The purpose of this investigation was to establish an objective (quantitative) method for determining onset time of motor block induced by different local anesthetics. Twenty-four consenting patients undergoing transurethral surgery during spinal anesthesia were randomized to receive direct obturator nerve block with 10 mL of plain bupivacaine 0.5% (n = 12) or 10 mL of plain etidocaine 1% (n = 12). Another 14 patients (control group) received obturator nerve "block" with saline.
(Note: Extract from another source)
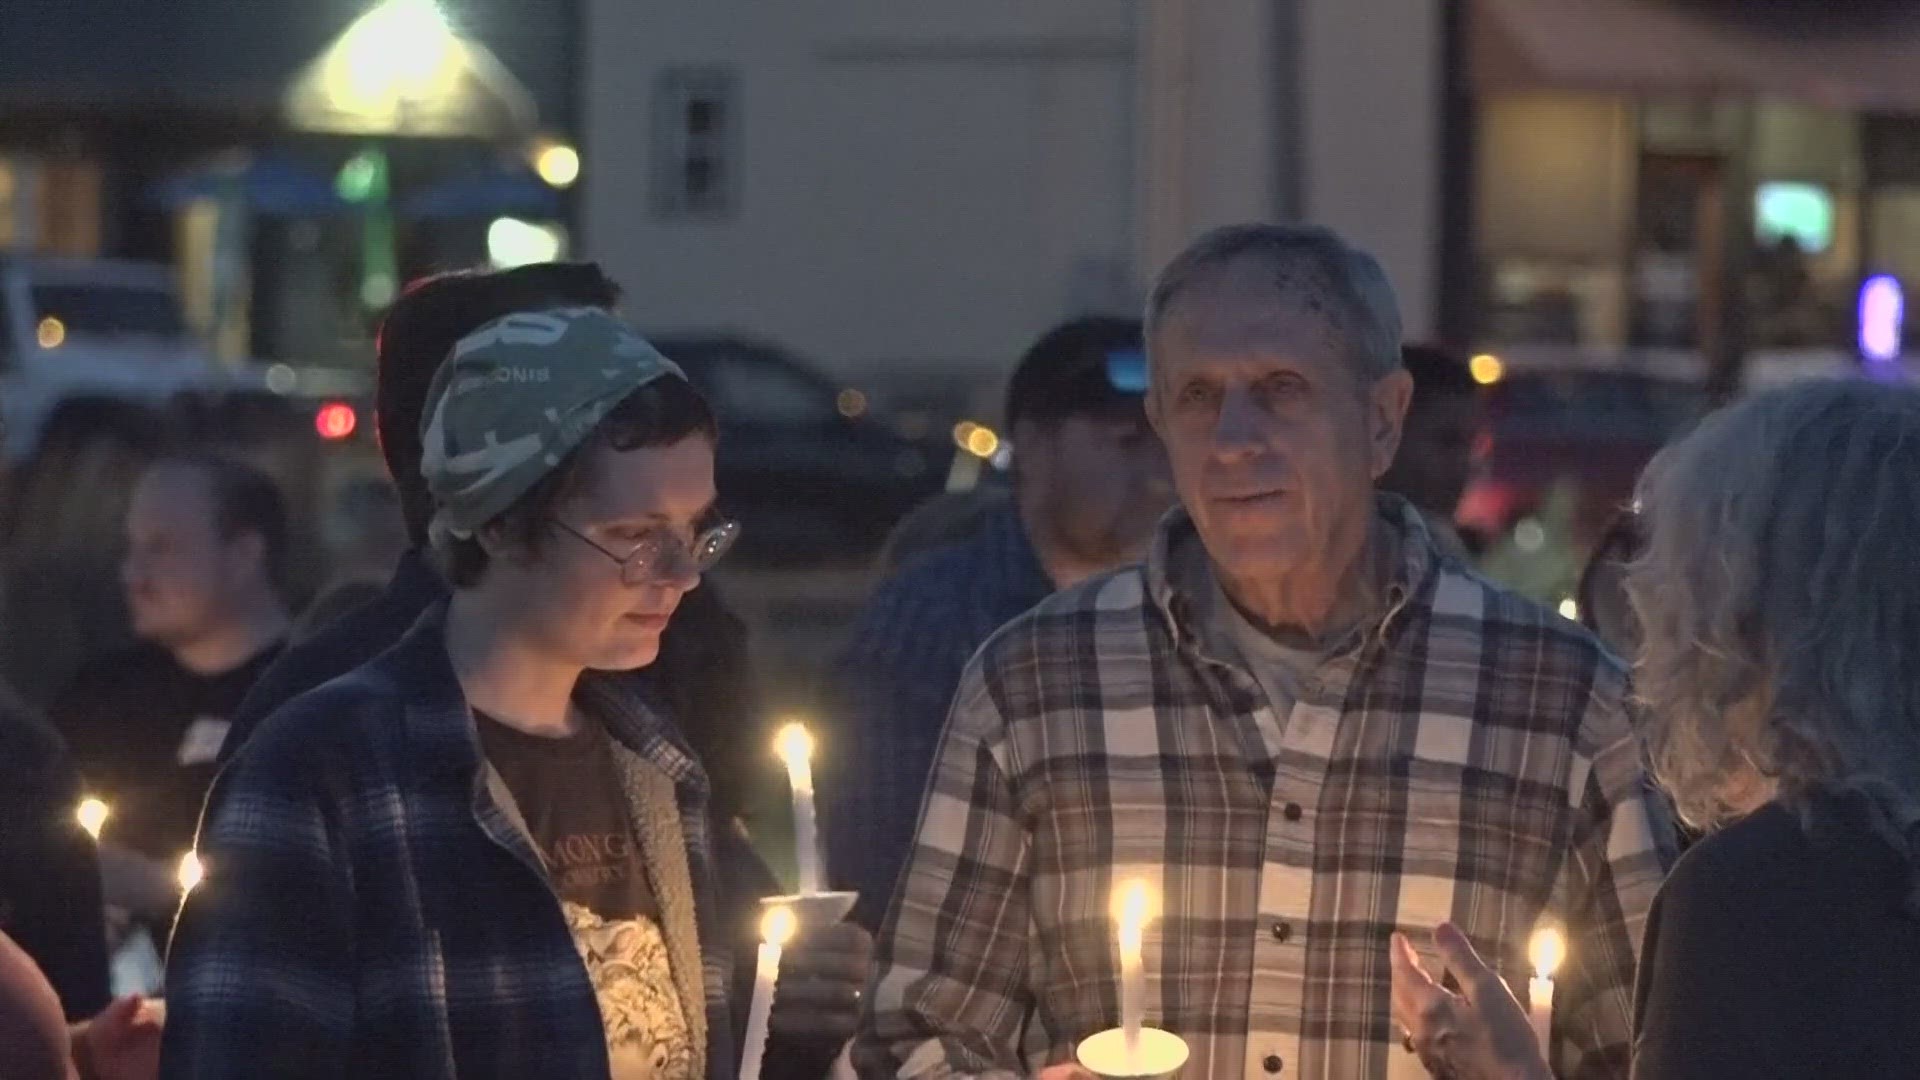 Community members in Lisbon gathered together Saturday night to honor the 18 lives lost in a mass shooting incident in Lewiston Wednesday, Oct. 25.
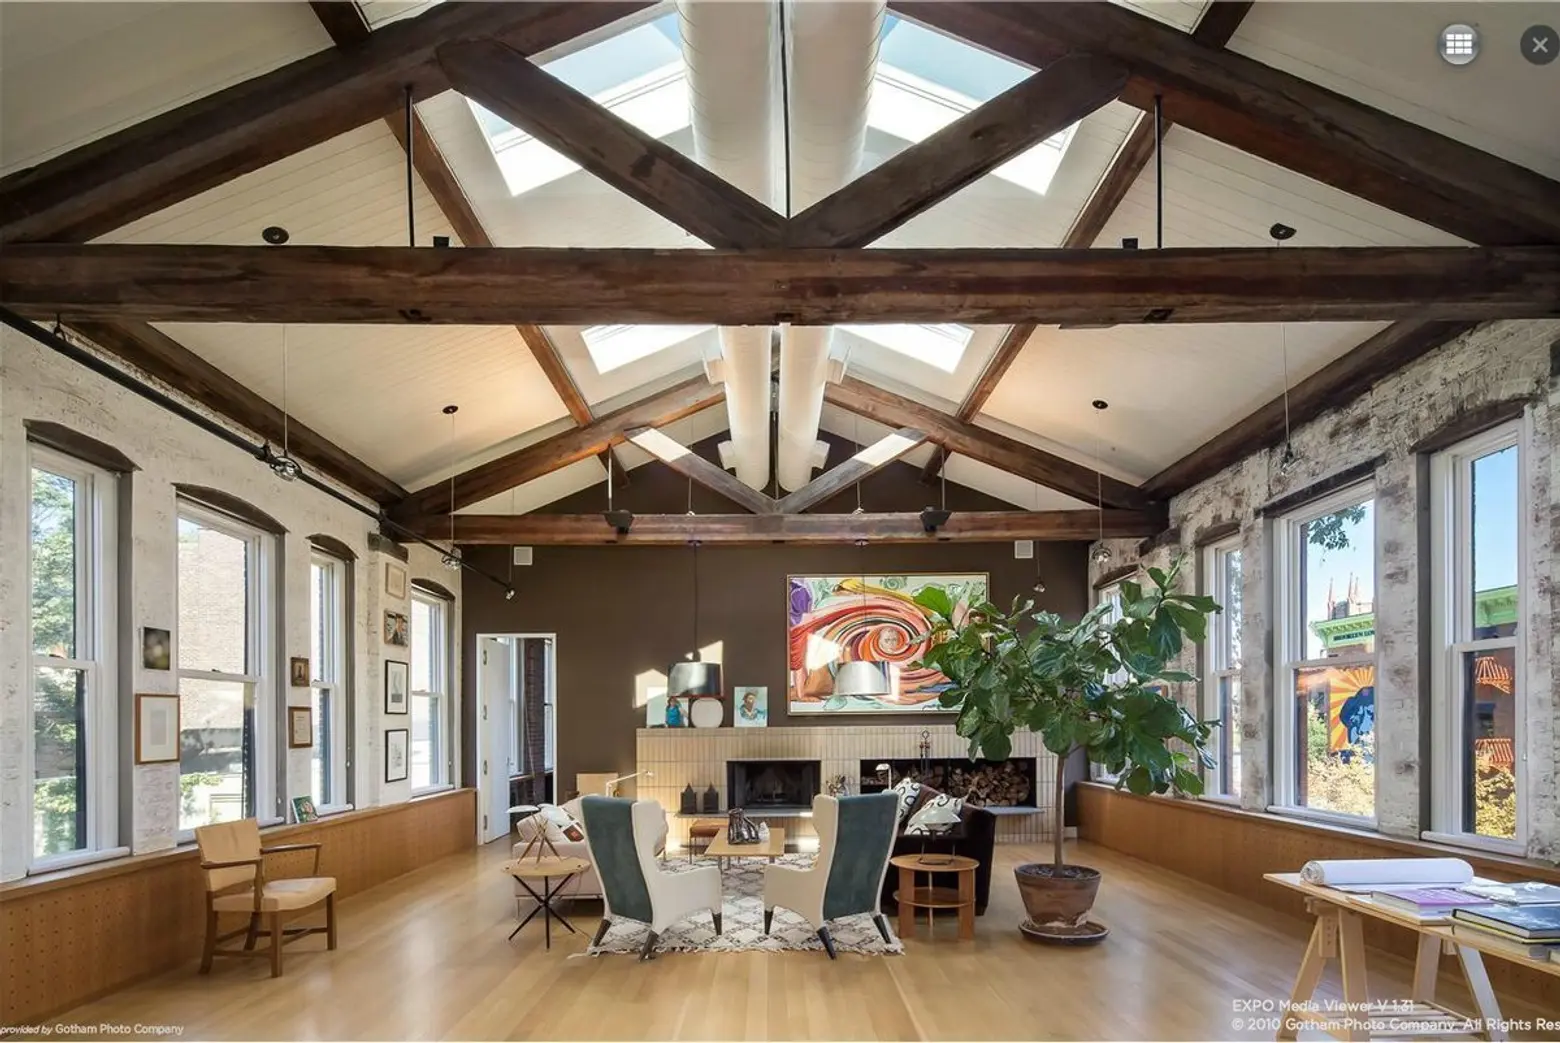 Artist David Salle Lists Home for $13M; What the World’s Richest One Percent Earn

After identification of the obturator nerve, patients underwent testing of nerve conduction by recording compound motor action potentials (CMAPs) of thigh adductor muscles in response to stimulation provided by a nerve stimulator at 0.2 to 0.5-mA currents. Testing ended when CMAP amplitudes had returned to their baseline values (control group) or when motor blockade was 90% complete (local anesthetic groups). In all 38 patients, the amplitude of the thigh CMAPs decreased immediately after injection of saline or local anesthetic. While CMAP amplitudes in the control group returned to their initial (baseline) values after 3-6 min, the patients receiving etidocaine or bupivacaine achieved > or = 90% motor blockade after 6 and 13 min, respectively. In the present report, the time to > or = 90% block was significantly faster in patients given etidocaine compared with those given bupivacaine. We conclude that electromyographic recording of CMAPs can be used to compare the ability of different local anesthetics to induce motor block.

摘要

本研究的目的是建立一种客观(定量)方法,以确定不同局部麻醉药引起运动阻滞的起效时间。24例在脊髓麻醉下行经尿道手术且表示同意的患者被随机分为两组,一组接受10毫升0.5%的布比卡因原液直接闭孔神经阻滞(n = 12),另一组接受10毫升1%的依替卡因原液直接闭孔神经阻滞(n = 12)。另外14例患者(对照组)接受用生理盐水进行的闭孔神经“阻滞”。在识别闭孔神经后,患者通过记录大腿内收肌的复合运动动作电位(CMAPs)来接受神经传导测试,该电位是对神经刺激器以0.2至0.5毫安电流刺激的反应。当CMAP振幅恢复到基线值(对照组)或运动阻滞达到90%完成时(局部麻醉药组),测试结束。在所有38例患者中,注射生理盐水或局部麻醉药后,大腿CMAP振幅立即下降。对照组的CMAP振幅在3 - 6分钟后恢复到初始(基线)值,而接受依替卡因或布比卡因的患者分别在6分钟和13分钟后达到≥90%的运动阻滞。在本报告中,接受依替卡因的患者达到≥90%阻滞的时间比接受布比卡因的患者明显更快。我们得出结论,CMAP的肌电图记录可用于比较不同局部麻醉药诱导运动阻滞的能力。